My suggestion for Optimizers is to practice your creative skills and become more attuned to points in your life where gradual improvements won’t lead to a higher standard. Optimizers should also involve themselves in careers, activities and hobbies that unlock their latent ability for getting continuously better. Learning to set proper goals can also ensure that the optimization you pursue is useful. Suggested reading for Optimizers:
Altering Your Own Style
I don’t subscribe to the belief that says your ingrained personality traits are set in stone. You are free to modify your personality style or make subtle alterations to it. But I suspect that most people will not want to do a complete shift from their old personality, but a slight adjustment to compensate for weaknesses and highlight strengths.

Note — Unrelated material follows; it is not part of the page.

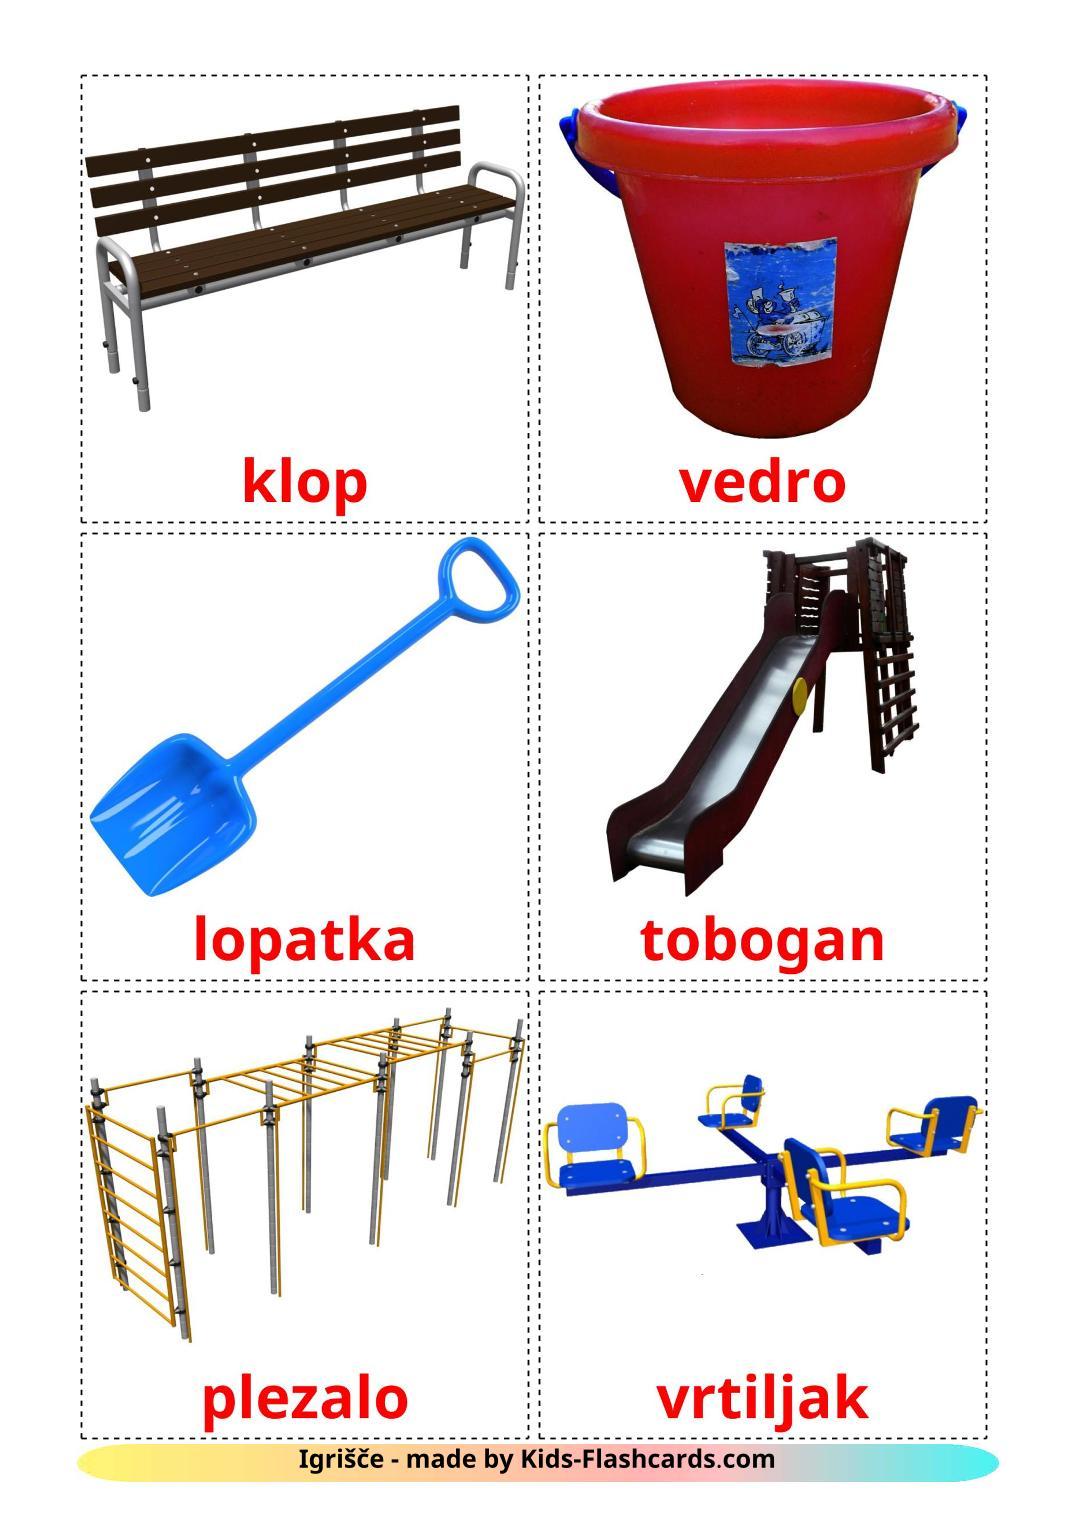 Playground - 13 Free Printable slovenian Flashcards

The foremost power is awareness. By being aware of your personality style you can more easily recognize the pitfalls that this style can fall into. By learning to recognize when to use their innovative capacities, Optimizers can break through what are often seen as impossible barriers. Innovators can also recognize when the solution is patience, not a new idea, in order to consistently see results.
Chances are you have elements from all personality styles. You may possess a bias for exploring, but there are probably times when you enjoyed creating things as well. You can leverage small hints of one personality trait and expand it to expand your potential. Recognizing a completely new perspective can give you the ideas and resources to look at your own life in a new way.
Whether you feel you are the Explorer, the Builder, the Innovator or the Optimizer, you can use those built in strengths and weaknesses to build a better quality of life. You may also discover a new perspective for looking at reality that is completely different to the one you’re accustomed to. With this knowledge, you may also gain a better understanding of why you are experiencing the challenges and success you are in life.